YOUR GOAL:
After reading the entries below, copy word for word the lines from the first through the line containing "Zbiornik wieżowy stacji", and stop there.

RECORDS SUPPLIED:
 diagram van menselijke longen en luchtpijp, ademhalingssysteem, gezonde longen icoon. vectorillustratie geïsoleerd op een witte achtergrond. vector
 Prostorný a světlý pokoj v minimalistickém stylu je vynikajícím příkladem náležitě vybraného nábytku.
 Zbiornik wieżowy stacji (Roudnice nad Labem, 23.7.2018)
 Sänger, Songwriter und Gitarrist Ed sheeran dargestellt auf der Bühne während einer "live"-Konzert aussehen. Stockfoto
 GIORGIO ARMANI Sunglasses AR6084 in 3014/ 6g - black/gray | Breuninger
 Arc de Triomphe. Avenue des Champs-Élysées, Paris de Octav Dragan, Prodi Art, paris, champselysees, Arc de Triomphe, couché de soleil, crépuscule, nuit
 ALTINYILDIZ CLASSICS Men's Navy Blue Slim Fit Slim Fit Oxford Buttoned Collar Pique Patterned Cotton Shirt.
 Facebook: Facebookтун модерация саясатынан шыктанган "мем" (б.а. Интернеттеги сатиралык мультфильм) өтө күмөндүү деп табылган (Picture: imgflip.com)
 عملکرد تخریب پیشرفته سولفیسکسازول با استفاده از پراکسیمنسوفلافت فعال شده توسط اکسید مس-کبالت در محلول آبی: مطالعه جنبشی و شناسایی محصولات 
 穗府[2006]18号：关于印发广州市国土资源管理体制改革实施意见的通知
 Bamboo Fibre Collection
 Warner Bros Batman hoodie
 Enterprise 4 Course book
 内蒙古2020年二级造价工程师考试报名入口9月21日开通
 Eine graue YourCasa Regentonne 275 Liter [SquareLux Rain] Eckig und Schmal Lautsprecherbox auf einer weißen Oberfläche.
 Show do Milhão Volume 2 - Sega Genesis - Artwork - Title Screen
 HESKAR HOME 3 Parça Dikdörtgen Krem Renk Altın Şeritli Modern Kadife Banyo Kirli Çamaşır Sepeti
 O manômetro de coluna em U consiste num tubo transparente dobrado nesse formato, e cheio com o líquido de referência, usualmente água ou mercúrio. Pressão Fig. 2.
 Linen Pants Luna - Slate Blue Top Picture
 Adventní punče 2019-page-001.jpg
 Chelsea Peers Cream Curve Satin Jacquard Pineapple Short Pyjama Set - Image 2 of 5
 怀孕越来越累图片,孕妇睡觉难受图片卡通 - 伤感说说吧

ANSWER TO THIS PROBLEM:
 diagram van menselijke longen en luchtpijp, ademhalingssysteem, gezonde longen icoon. vectorillustratie geïsoleerd op een witte achtergrond. vector
 Prostorný a světlý pokoj v minimalistickém stylu je vynikajícím příkladem náležitě vybraného nábytku.
 Zbiornik wieżowy stacji (Roudnice nad Labem, 23.7.2018)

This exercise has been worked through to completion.